With a whole big garden of veggies, and a husband who does not like the flavour/texture of most of them, it is always one of my goals to find ways to make veggies more palatable for him. After all, there are only so many veggies one girl can eat on her own!
I first made a beet green gratin following a recipe I learned in this course from Nourished Kitchen. (This course was amazing and totally worth taking!) After a few tries I made a few adaptions and came up with a cheezy, creamy way to serve greens that hubby will eat (although he does tell me that it would be even better if I left out the greens…..sigh….)
I, however, loved it and will definitely make it again! It’s great with greens from yellow and red beets and easily adaptable to any garden green.
Garden Green Gratin
Chop one whole onion finely and saute in a tablespoon or so of butter until softened. There’s no need to measure here….we’re cooking, not building a bridge. Add in the greens and some minced garlic (as much as you like, I used two cloves) and season with a little salt and pepper.

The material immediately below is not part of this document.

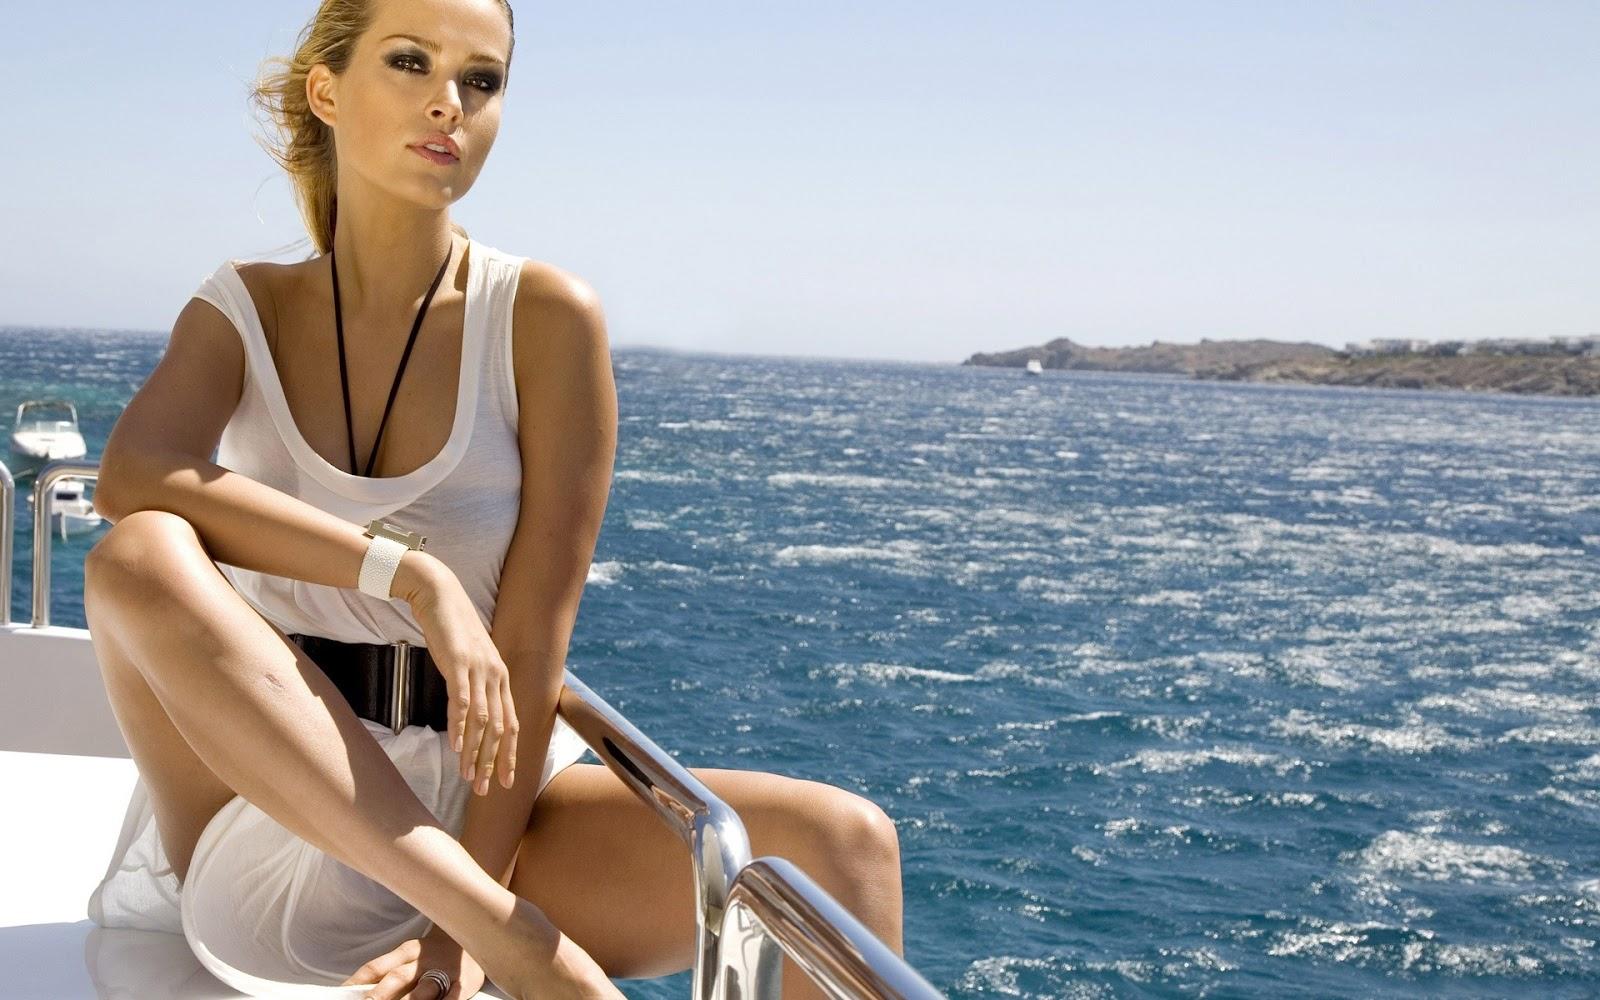 Petra Nemcova on the Boat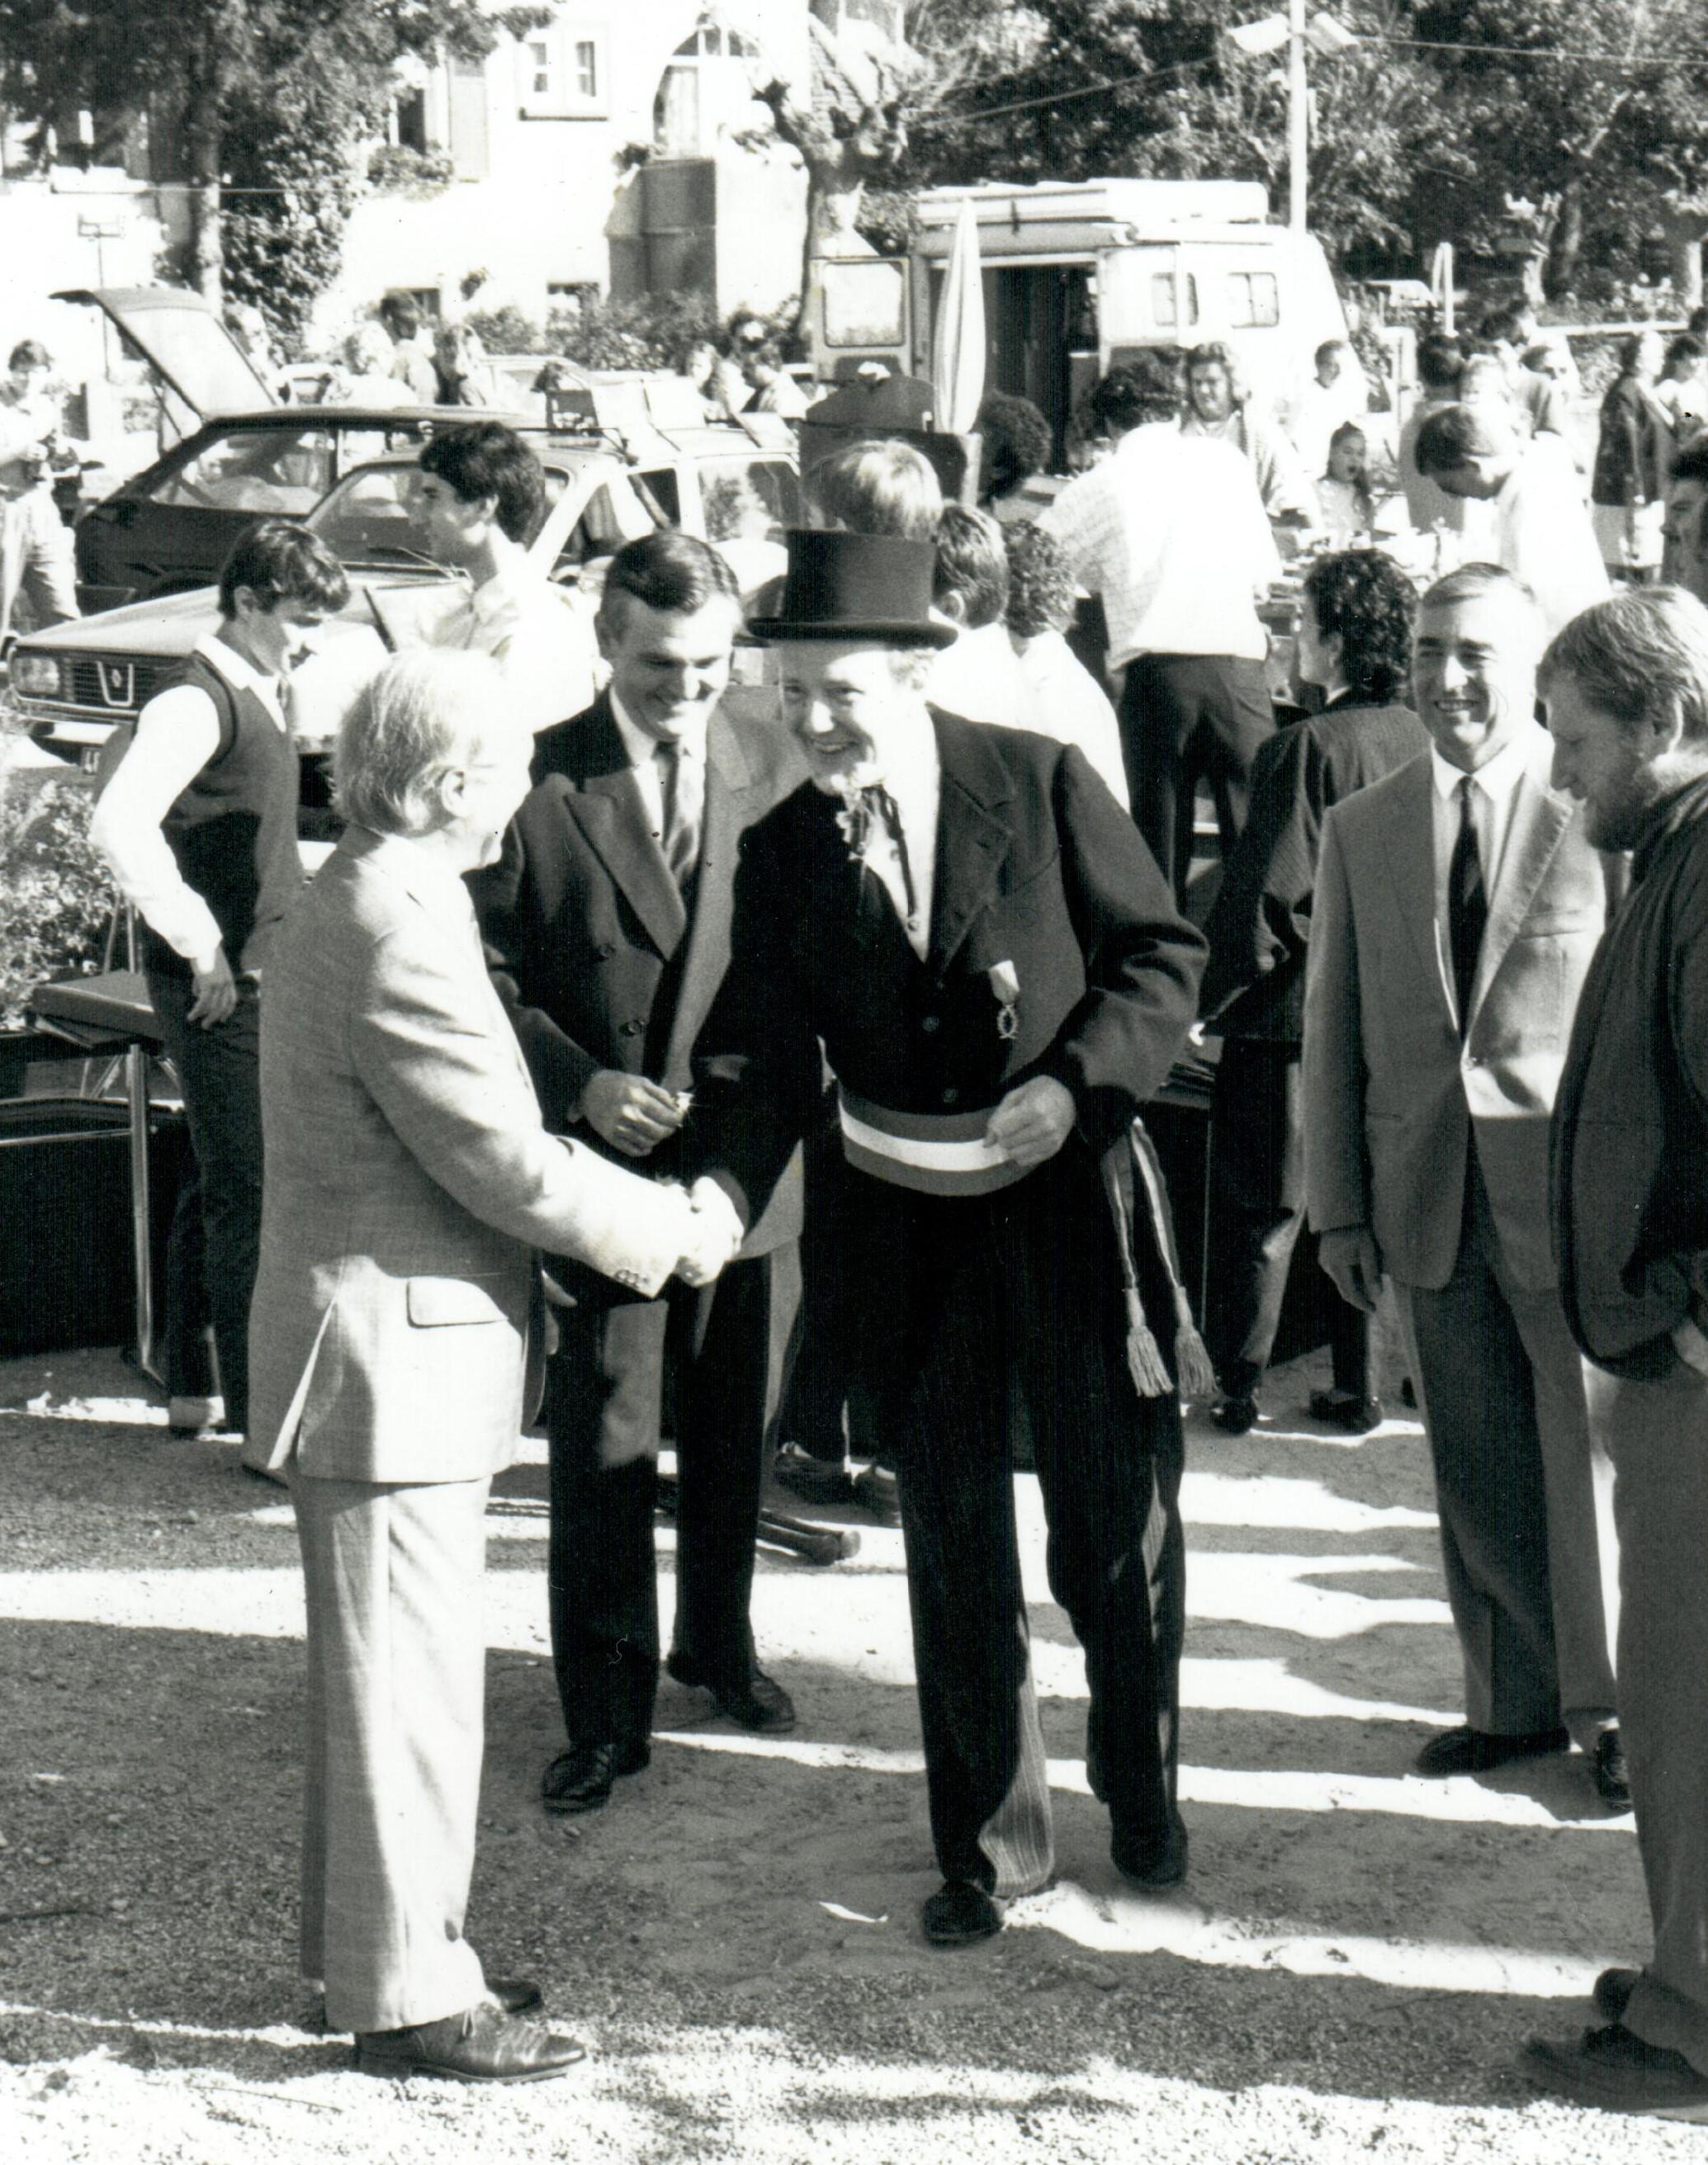 1989-09-17 - René ARNOLD - 150ème anniversaire de la ligne de chemin de fer Mulhouse Thann.jpg

Pour over about a cup of stock (chicken or veggie), put a lid on it, and let it simmer until the greens are nice and tender.
Mix about a tablespoon of flour with a little milk to make a slurry (a smooth mixture of flour and milk without any lumps). Pour this into the pan while you stir. Pour in about a cup of milk. Stir away while it thickens.
Then add about a cup of shredded cheddar cheese (I used an old white cheddar) and stir. If it doesn’t seem thick enough to you at this point, add a little more slurry. If it’s too thick, add a little milk. (See…you don’t need those measuring spoons really….)
Then go out into your garden and pick a handful of fresh herbs (or into your fridge, or use dried if you don’t have fresh) and chop finely. I used a blend of sage, marjoram, lovage and thyme. Stir into your gratin and remove the pan from the heat.
For the topping, mix 1 cup of bread crumbs (I make my own from stale bread – or in more recent times from failed sourdough recipes!) with a few tablespoons of grated parmesan cheese, about 1/4 cup of ground nuts (I used almonds) and enough fat or oil to moisten them (I used coconut oil.)
Sprinkle the crumbs over the gratin. (If you didn’t cook your gratin in a cast iron pan you will have to transfer it to an oven-safe dish first. Just one more reason I love cast iron!) Now stick it into a 350 degree oven until it is golden and bubbly. It took about 20 minutes in my oven.